Open
Description
We finally made it work, but I do not think it is sustainable for the wider population. Here is what we have to do:
- Because Codeflare SDK relies on OC, we had to create a new image for KFP execution
FROM python:3.8.16-slim-bullseye
RUN apt update && apt install -y wget
# install oc
RUN mkdir /opt/oc
RUN wget -O /opt/oc/release.tar.gz https://mirror.openshift.com/pub/openshift-v4/x86_64/clients/ocp/stable-4.11/openshift-client-linux-4.11.40.tar.gz
RUN tar -xzvf /opt/oc/release.tar.gz -C /opt/oc/ && \
mv /opt/oc/oc /usr/bin/ && \
rm -rf /opt/oc
# install libraries
RUN pip install --upgrade pip && pip install codeflare-sdk
RUN pip install "ray[default]"==2.1.0
# Allow writes for yaml files
RUN chmod -R 777 /tmp
Note here that we also had to create a writable directory for saving intermediate YAML
2. Because Codeflare SDK directly manipulates MCAD, RAYCluster, and OpenShift Routes resources, we had to add additional permission to pipeline-runner
service account, which should eventually go to KFDef. Here are the files:
apiVersion: rbac.authorization.k8s.io/v1
kind: Role
metadata:
name: kfp-openshift-route
rules:
- apiGroups: ["route.openshift.io"]
resources: ["routes", "routes/custom-host"]
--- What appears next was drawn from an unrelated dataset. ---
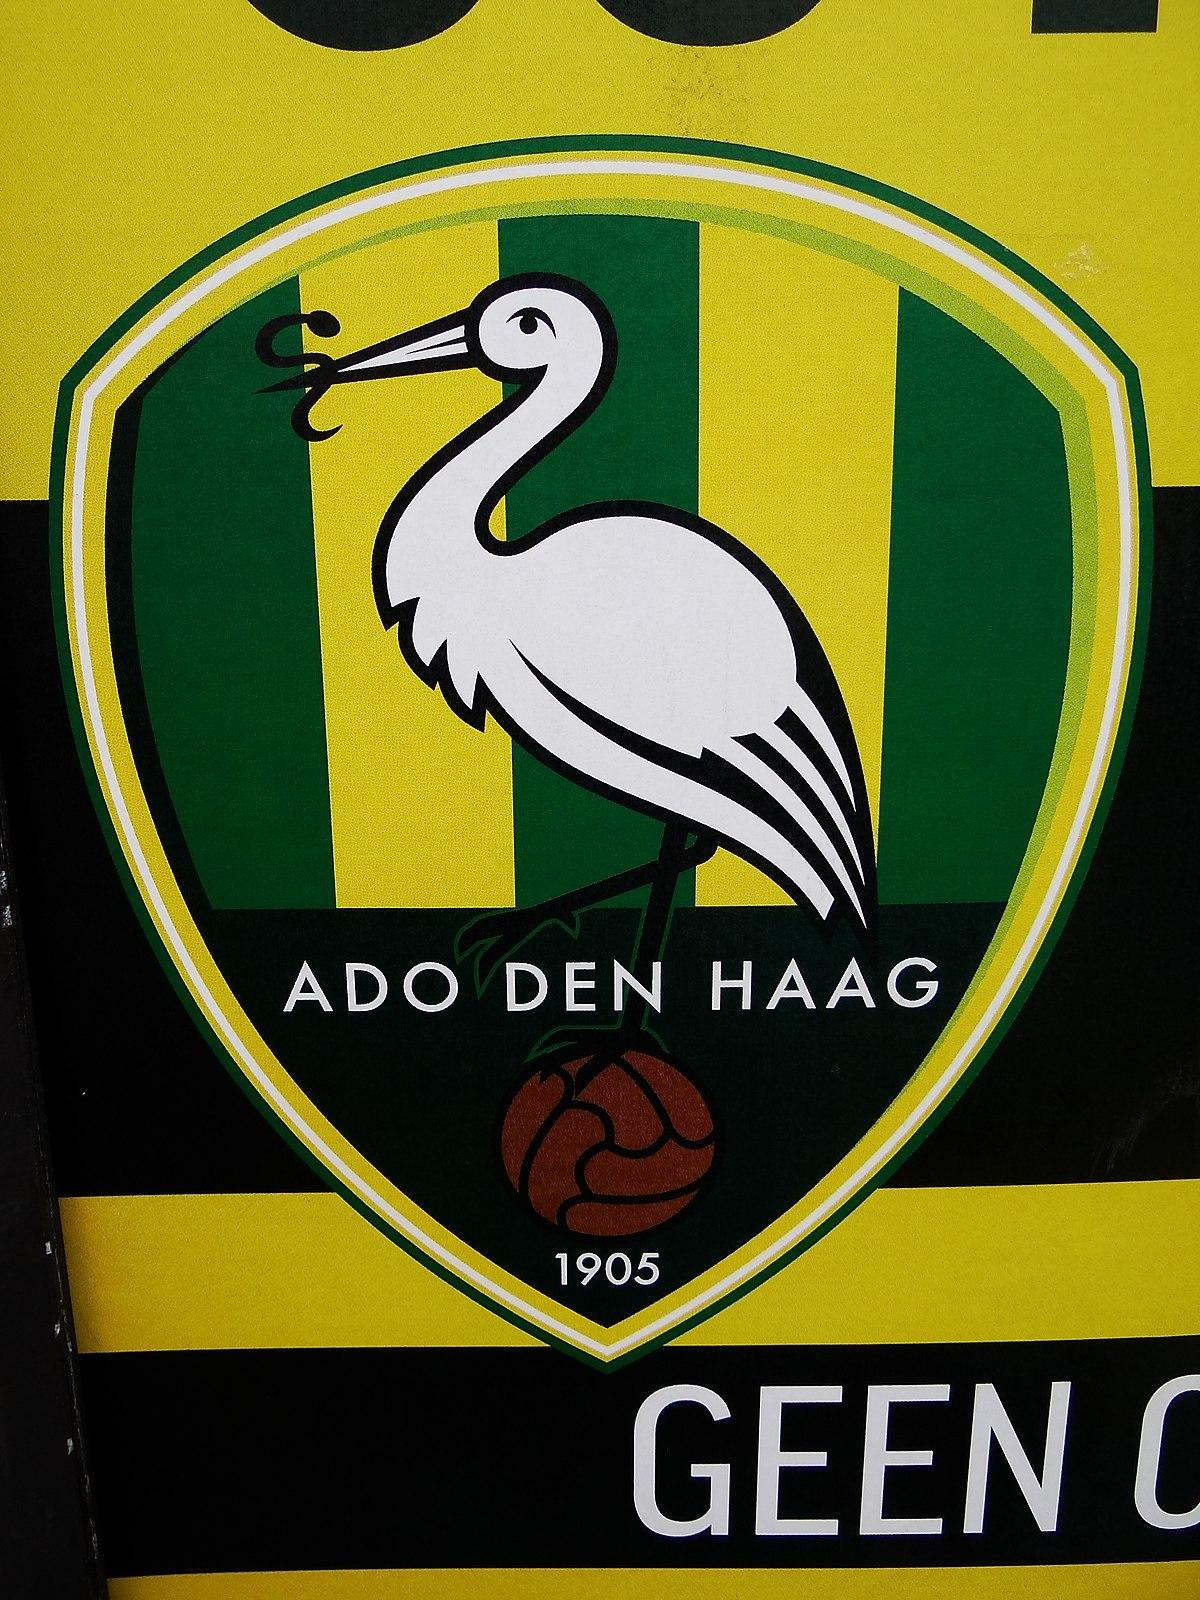 Ado Den Haag Wikipedia
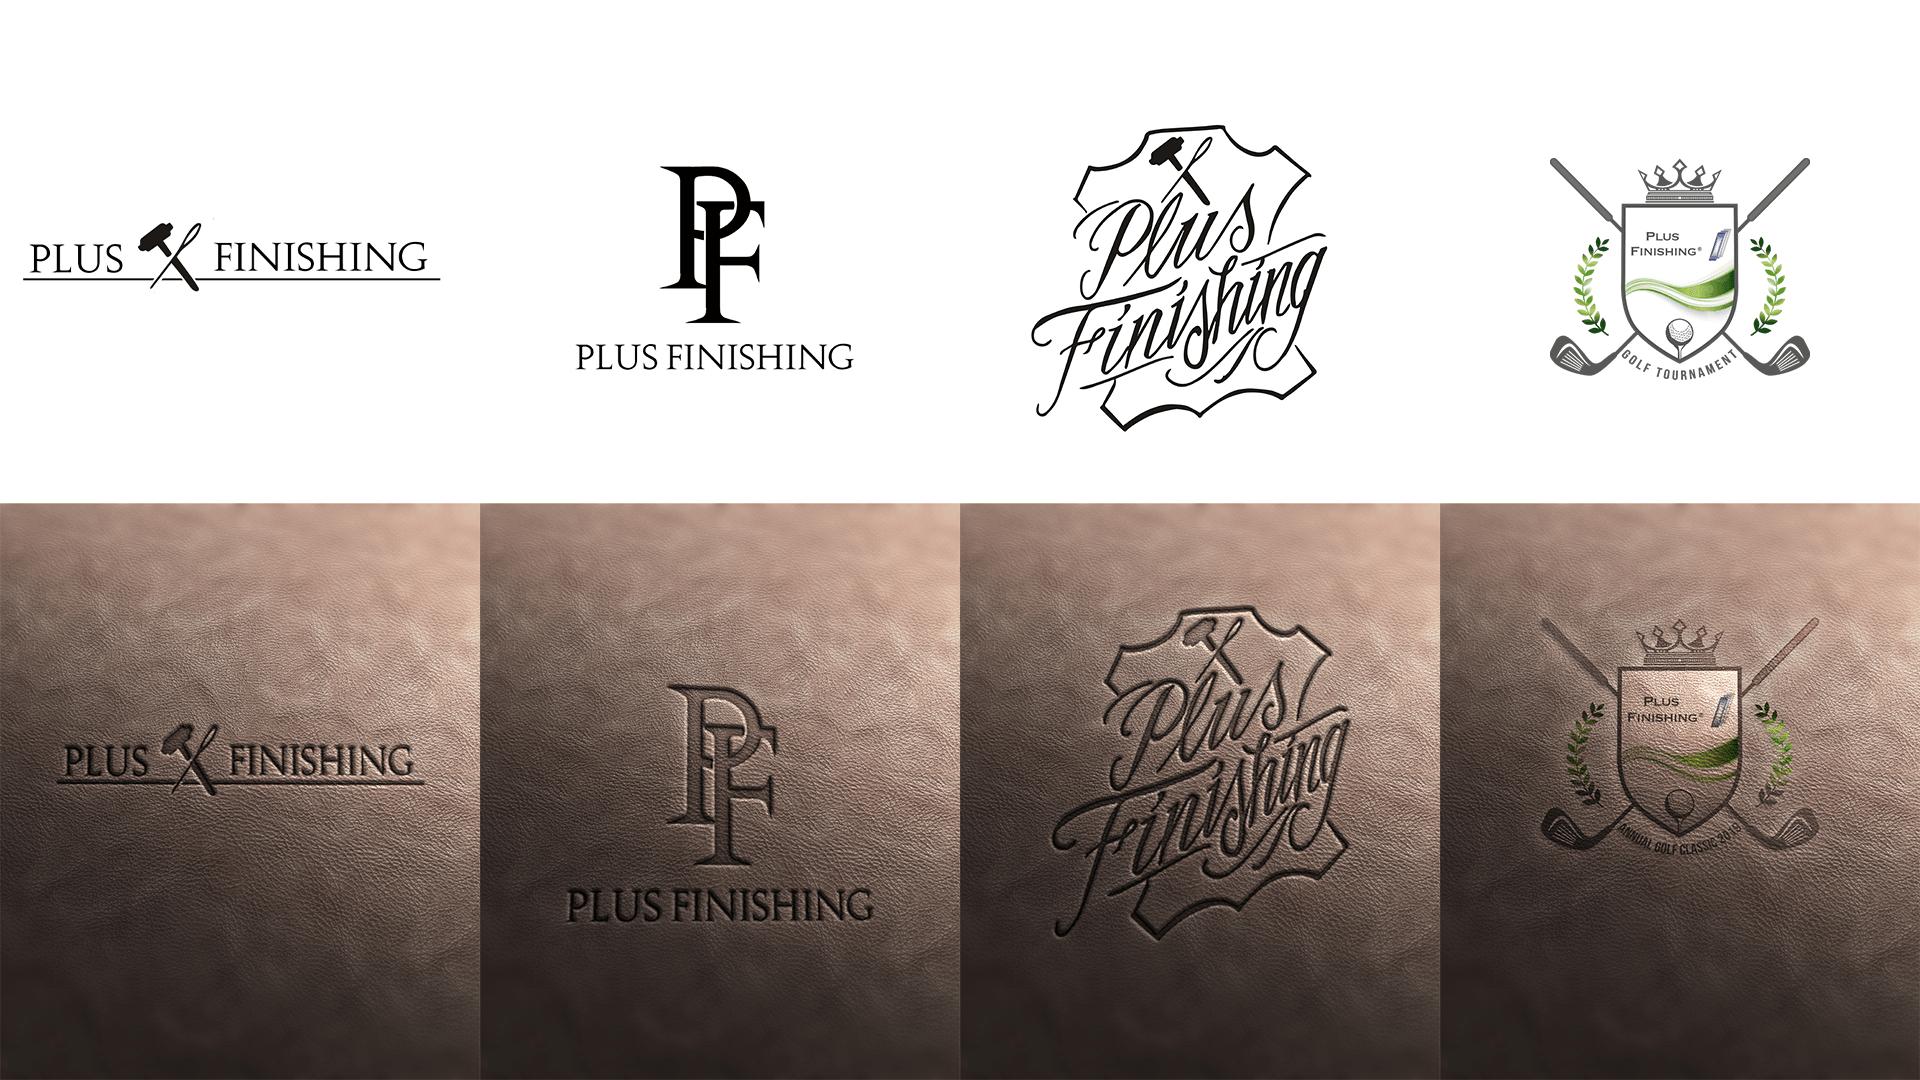 Plus Finishing Logo Redesign, dass thematisch auf einen Lederuntergrund gesetzt wurde.

verbs: ["create", "get", "list", "patch", "delete"]
kind: RoleBinding
apiVersion: rbac.authorization.k8s.io/v1
metadata:
name: pipeline-runner-binding-mcad
namespace: odh-applications
subjects:
- kind: ServiceAccount
name: pipeline-runner
namespace: odh-applications
roleRef:
apiGroup: rbac.authorization.k8s.io
kind: ClusterRole
name: mcad-mcad-controller-role
---
kind: RoleBinding
apiVersion: rbac.authorization.k8s.io/v1
metadata:
name: pipeline-runner-binding-ray
namespace: odh-applications
subjects:
- kind: ServiceAccount
name: pipeline-runner
namespace: odh-applications
roleRef:
apiGroup: rbac.authorization.k8s.io
kind: ClusterRole
name: mcad-controller-ray-clusterrole
---
kind: RoleBinding
apiVersion: rbac.authorization.k8s.io/v1
metadata:
name: pipeline-runner-binding-route
namespace: odh-applications
subjects:
- kind: ServiceAccount
name: pipeline-runner
namespace: odh-applications
roleRef:
apiGroup: rbac.authorization.k8s.io
kind: Role
name: kfp-openshift-route
- To make sure, that we have permission to write files, we had to redirect the working directory. He is the complete code:
import kfp.components as comp
from kfp_tekton.compiler import TektonCompiler
import kfp.dsl as dsl
from kubernetes import client as k8s_client
# execute ray pipeline
def execure_ray_pipeline(token: str, # token to authenticate to cluster
name: str, # name of Ray cluster
min_worker: str, # min number of workers
max_worker: str, # max number of workers
min_cpus: str, # min cpus per worker
max_cpus: str, # max cpus per worker
min_memory: str, # min memory per worker
max_memory: str, # max memory per worker
image: str = "ghcr.io/foundation-model-stack/base:ray2.1.0-py38-gpu-pytorch1.12.0cu116-20221213-193103"
):
# Ray code - basically hello world
import ray
@ray.remote
class Counter:
def __init__(self):
self.counter = 0
def inc(self):
self.counter += 1
def get_counter(self):
return self.counter
# Import pieces from codeflare-sdk
from codeflare_sdk.cluster.cluster import Cluster, ClusterConfiguration, list_all_clusters, list_all_queued
from codeflare_sdk.cluster.auth import TokenAuthentication
import os
# get current namespace
ns = os.getenv('NAMESPACE', 'default')
# change the current directory to ensure that we can write
os.chdir("/tmp")
print(f"Executing in namespace {ns}, current working directory is {os.getcwd()}")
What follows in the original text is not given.